Conclusions and Perspectives

Interorgan communication is crucial for homeostasis, but dysfunction of the liver-to-heart axis plays an important role in the pathogenesis of cardiometabolic disease (Central Illustration). Beyond sharing common inflammatory and metabolic disorders, emerging evidence has shown that several liver-derived factors such as FXI directly regulate cardiac disease. Considering that the liver is an endocrine organ that produces a wide variety of hepatokines and other factors, future research must identify the liver-derived molecules that regulate cardiac function. Importantly, these studies should use gain or loss of function experiments to investigate a causative role for these molecules and their effector mechanisms.

Central Illustration.

The Bidirectional Crosstalk Between the Liver and Heart in Cardiometabolic Disease

It is well-established that common cardiovascular risk factors considerably alter hematopoietic processes.¹³⁶ However, future studies are needed to investigate the hematopoietic niche factors, the timing of cell fate decisions, and the differentiation trajectories and relative contributions to mature immune cells that originate in the bone marrow and spleen and populate the liver and heart during cardiometabolic disease. Notably, chronic inflammation is not confined to 1 organ during cardiometabolic disease, but it is a multiorgan and systemic process affecting both the liver and heart. We argue that MASLD should be considered a systemic inflammatory process that expands to other organs including the heart. Future research should investigate how the immune-metabolic crosstalk that underlies both conditions rewires metabolism in the liver and the heart. Conversely, how systemic and local metabolic disturbances regulate immune cell-driven inflammation also requires further investigation. Although chronic inflammation has emerged as a unifying pathological mechanism in CVD, some aspects of inflammation may be part of an adaptive response to metabolic stress as shown in the adipose tissue where obese adipocytes require innate immune signaling for tissue remodeling.¹³⁷ Thus, this possibility should be explored in the context of cardiometabolic disease.
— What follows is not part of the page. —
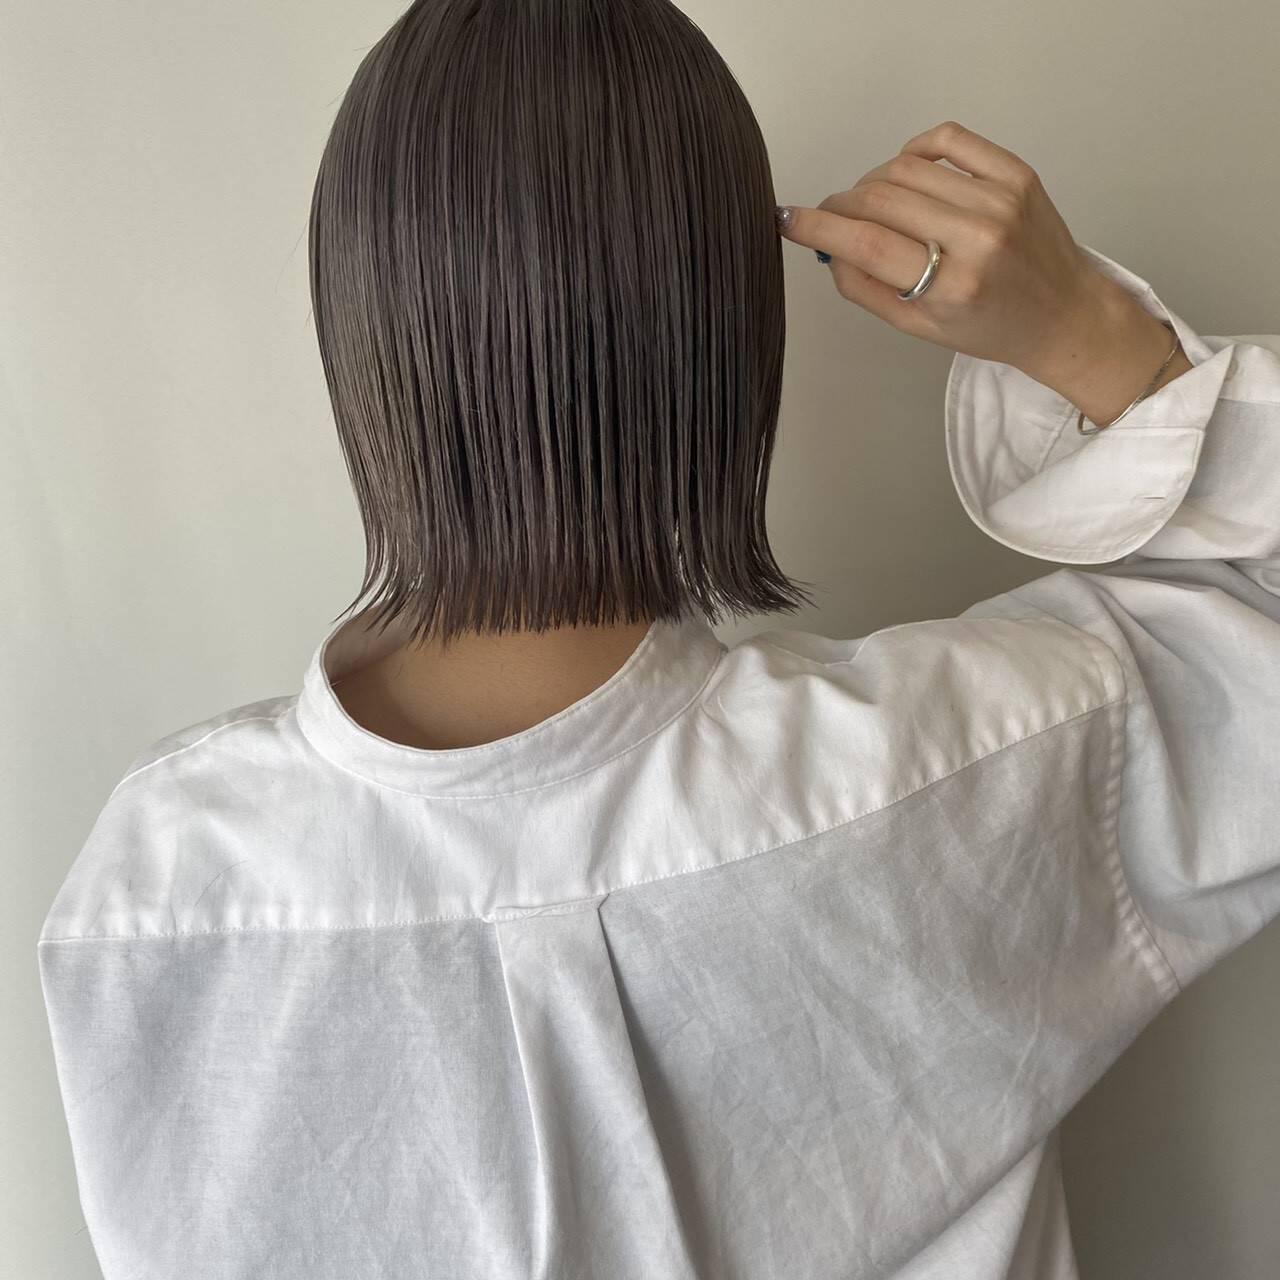 ハイトーンカラー ナチュラル ヘアカラー ブリーチカラーヘアスタイルや髪型の写真・画像

Although the role of the liver-to-heart axis in cardiometabolic disease is an emerging area of research in the field, we are still far from understanding the underlying mechanisms and targeting it therapeutically. Given the heterogeneity of HFpEF and its systemic nature, targeted interventions addressing shared inflammatory and metabolic pathways are promising. However, future work needs to determine the therapeutic actions of HFpEF drugs on other metabolic active organs such as the liver. Therapeutic strategies modulating whole-body metabolism such as SGLT2 inhibitors and glucagon-like peptide-1 receptor agonists may confer dual benefits by restoring metabolic homeostasis and dampening inflammation. Overall, improving our understanding of the meta-inflammatory mechanisms driving MASLD and HFpEF holds the potential to transform therapeutic strategies and improve outcomes for cardiometabolic patients.

Funding Support and Author Disclosures

This work was supported by grants from the National Heart, Lung, and Blood Institute (R01HL155993 to Drs van Berlo and Revelo), NIDDK (DK122056 to Dr Revelo), and NIAID (P01AI172501 to Dr Revelo). All other authors have no relationships relevant to the contents of this paper to disclose.